Assignment » The reply should hold only the lines from the one with "Executed in massive" through the end of the data, each given exactly.

Data below »
──────
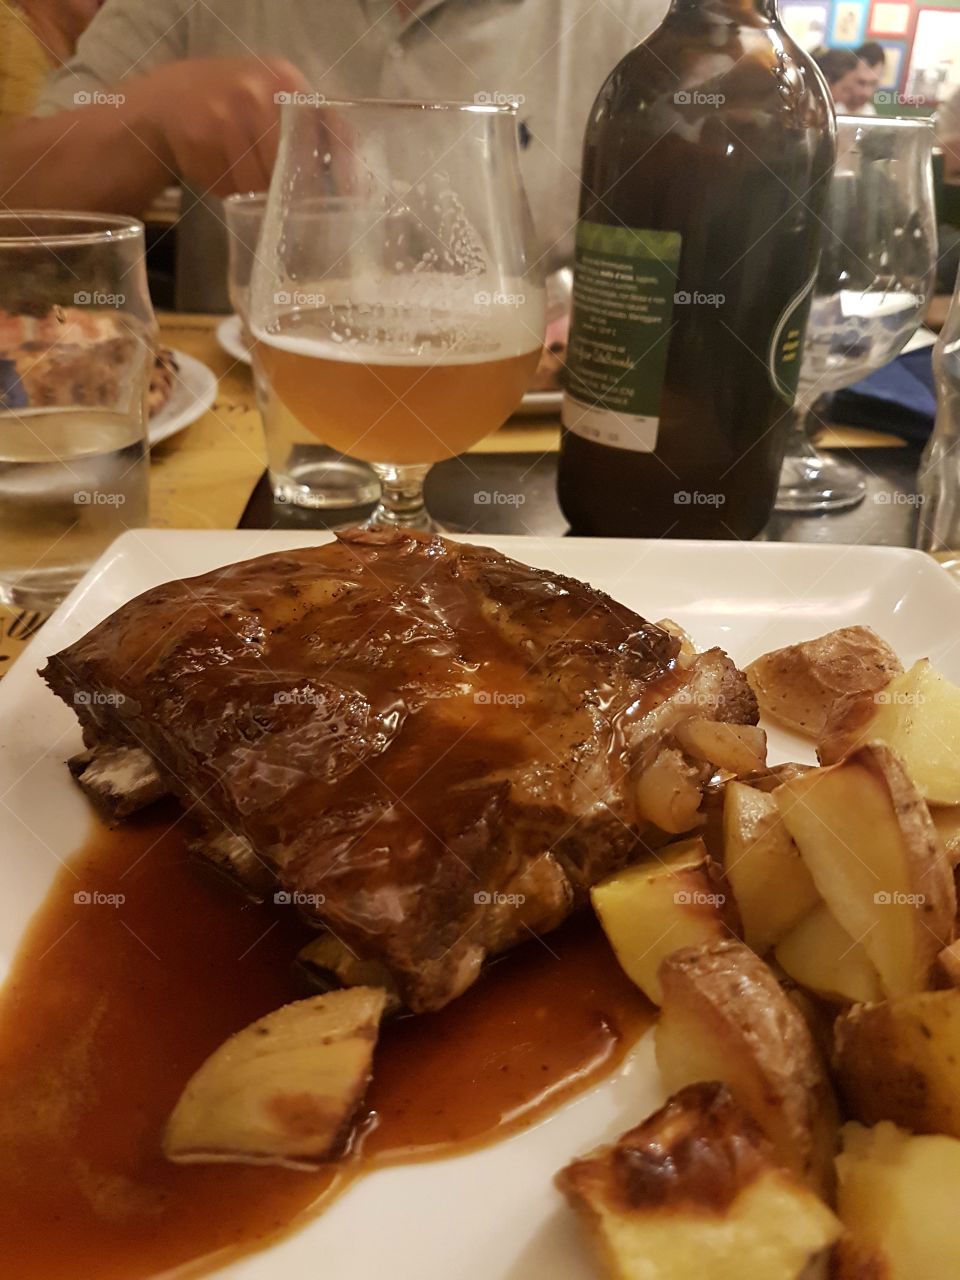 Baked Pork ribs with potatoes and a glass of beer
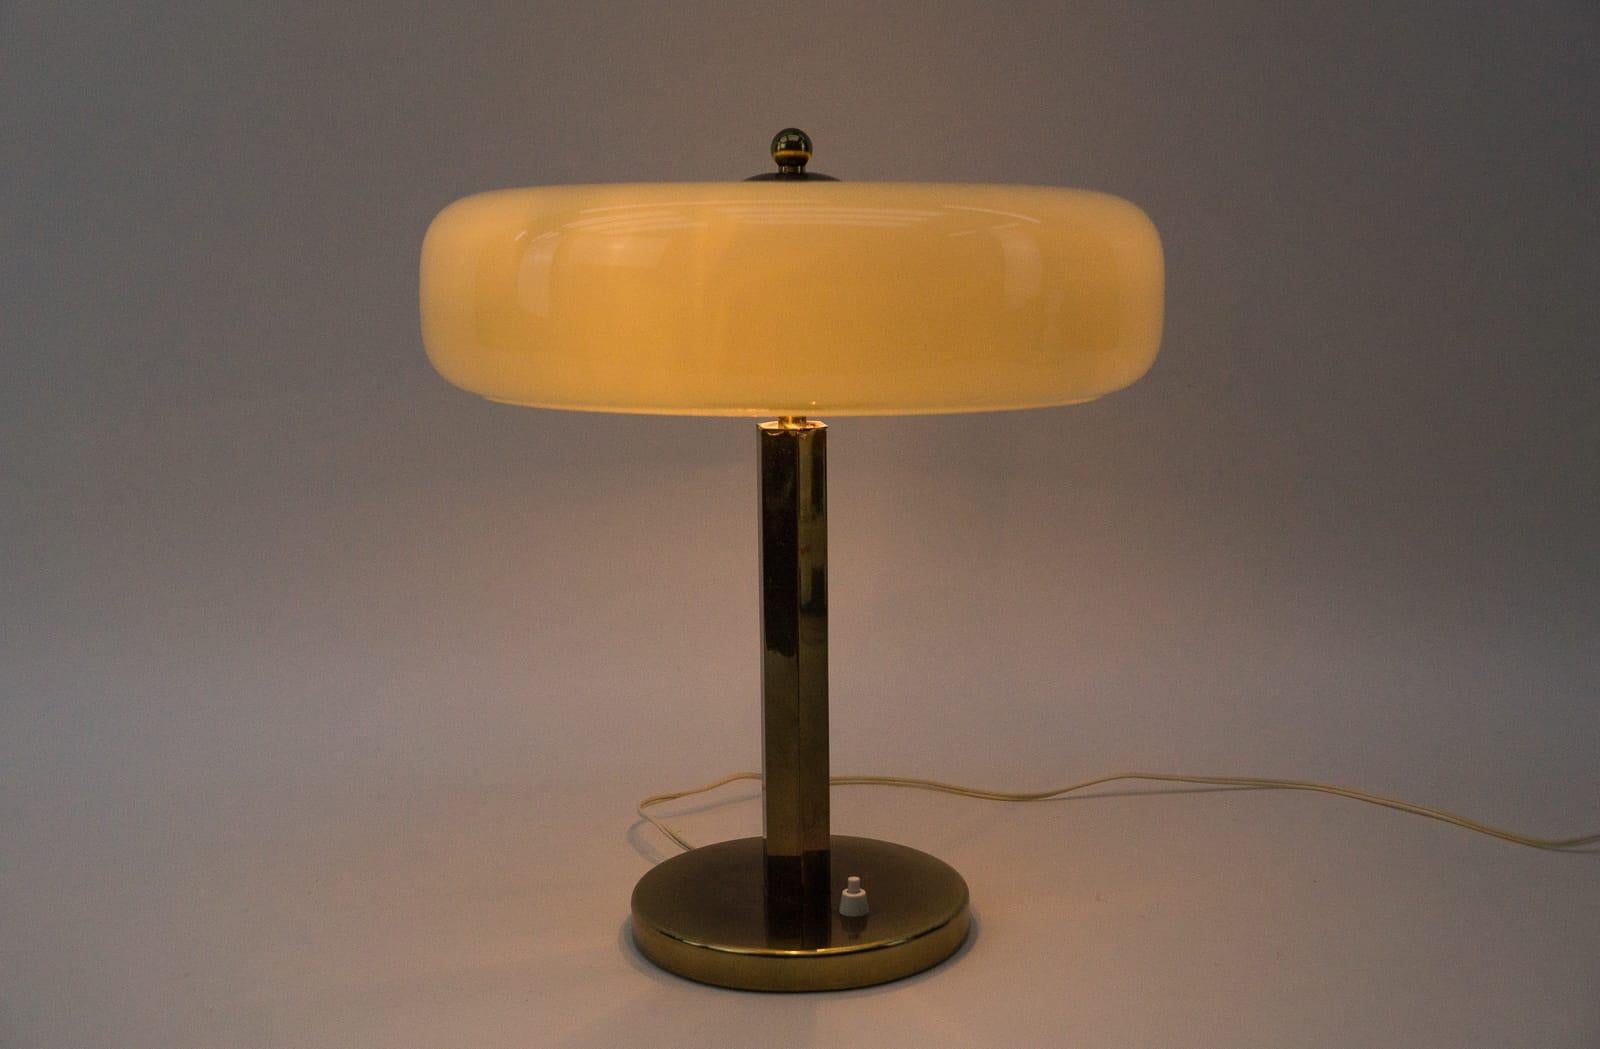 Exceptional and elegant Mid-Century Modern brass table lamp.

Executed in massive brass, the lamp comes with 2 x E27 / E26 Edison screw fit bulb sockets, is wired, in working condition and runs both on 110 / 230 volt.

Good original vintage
──────
Completed exercise »
Executed in massive brass, the lamp comes with 2 x E27 / E26 Edison screw fit bulb sockets, is wired, in working condition and runs both on 110 / 230 volt.

Good original vintage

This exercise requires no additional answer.